### TASK INSTRUCTIONS
Pictures stay out of the output. Return exactly the lines below from the one with "City glass Locarno" down to the one with "#40añosCercaDeTi", both included, and nothing more.
:: RECORDS TO PROCESS ::
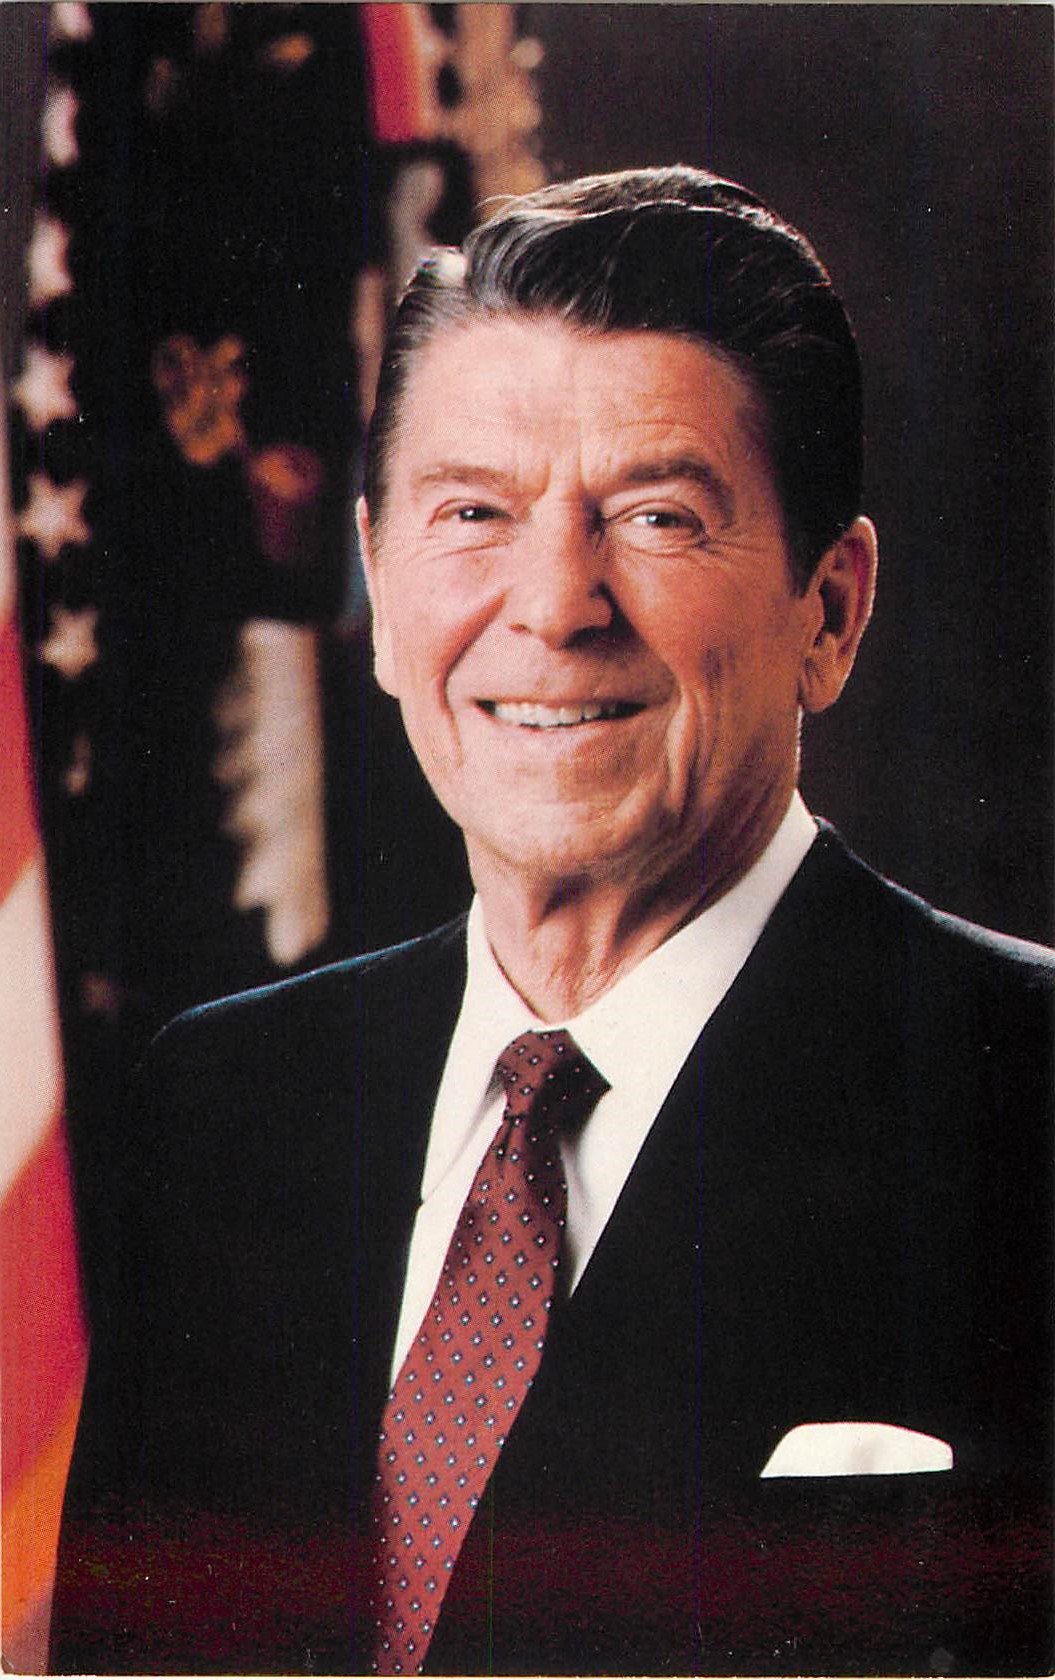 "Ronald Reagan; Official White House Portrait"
:::
:: RECORDS TO PROCESS ::
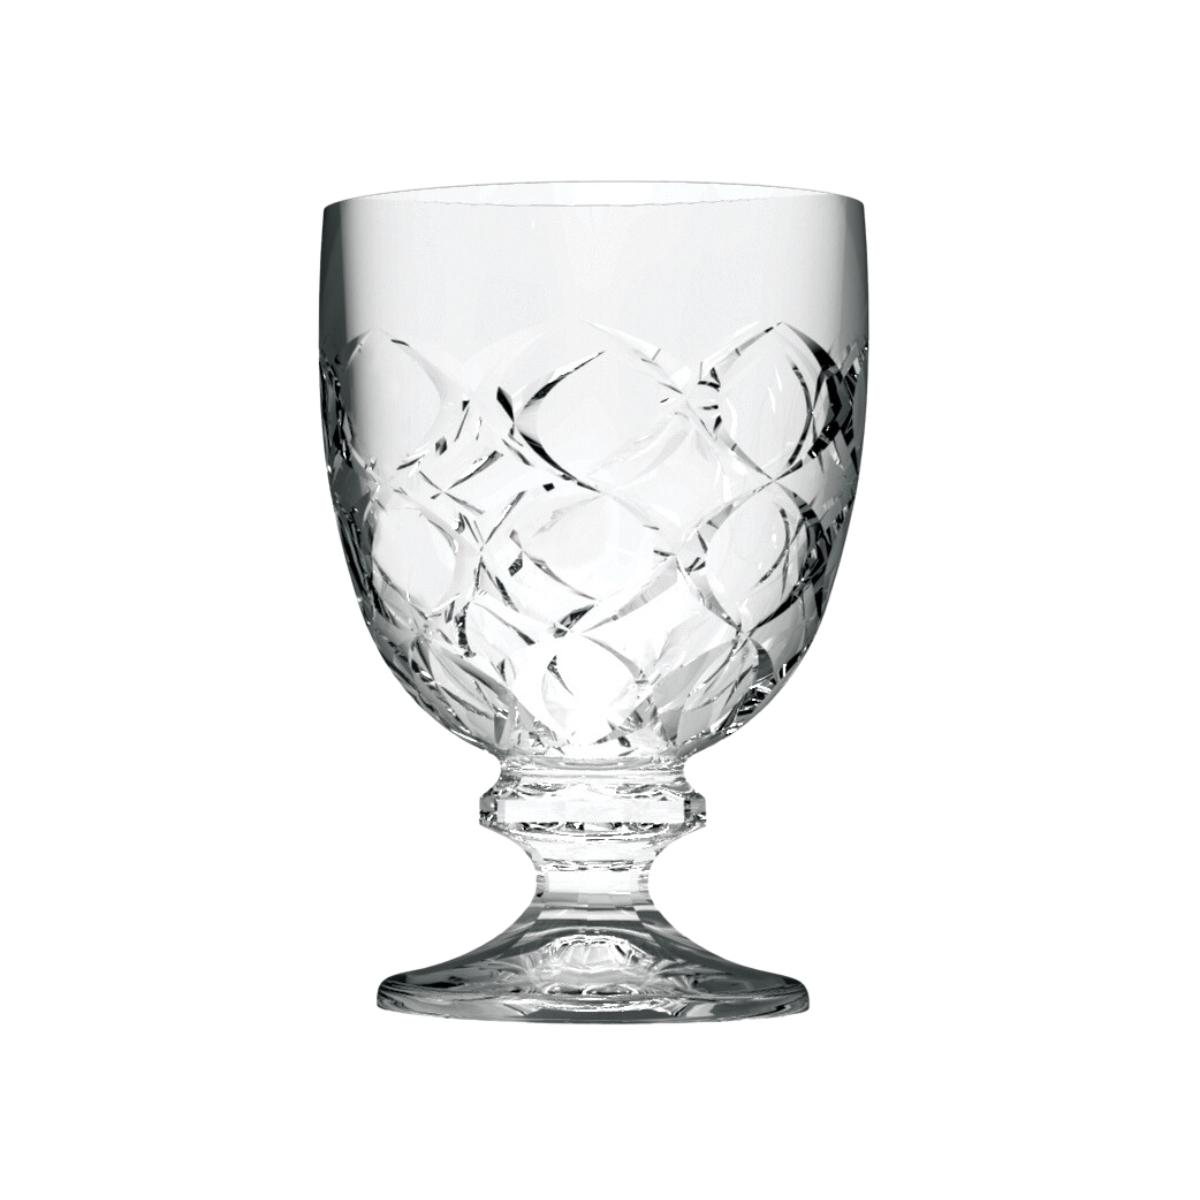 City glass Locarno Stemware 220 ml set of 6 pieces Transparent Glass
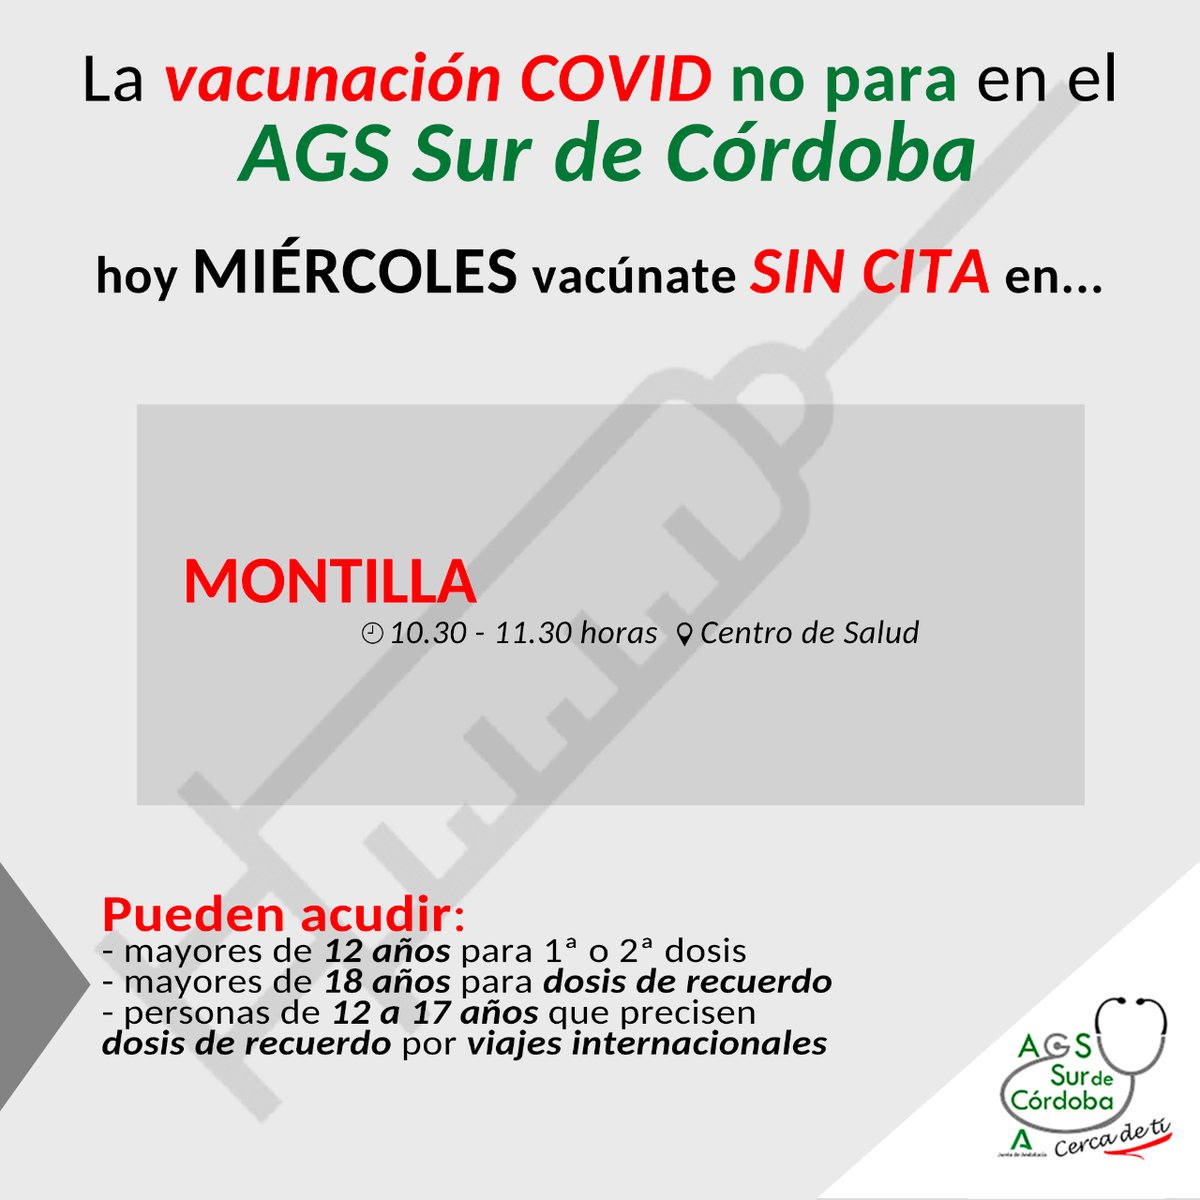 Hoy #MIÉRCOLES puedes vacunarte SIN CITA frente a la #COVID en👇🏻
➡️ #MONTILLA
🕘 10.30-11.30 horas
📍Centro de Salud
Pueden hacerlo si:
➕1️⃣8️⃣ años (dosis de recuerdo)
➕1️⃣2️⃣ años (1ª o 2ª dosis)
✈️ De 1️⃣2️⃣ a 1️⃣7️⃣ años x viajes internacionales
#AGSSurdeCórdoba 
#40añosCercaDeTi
:::
### EXPECTED ANSWER
 City glass Locarno Stemware 220 ml set of 6 pieces Transparent Glass
 Hoy #MIÉRCOLES puedes vacunarte SIN CITA frente a la #COVID en👇🏻
➡️ #MONTILLA
🕘 10.30-11.30 horas
📍Centro de Salud
Pueden hacerlo si:
➕1️⃣8️⃣ años (dosis de recuerdo)
➕1️⃣2️⃣ años (1ª o 2ª dosis)
✈️ De 1️⃣2️⃣ a 1️⃣7️⃣ años x viajes internacionales
#AGSSurdeCórdoba 
#40añosCercaDeTi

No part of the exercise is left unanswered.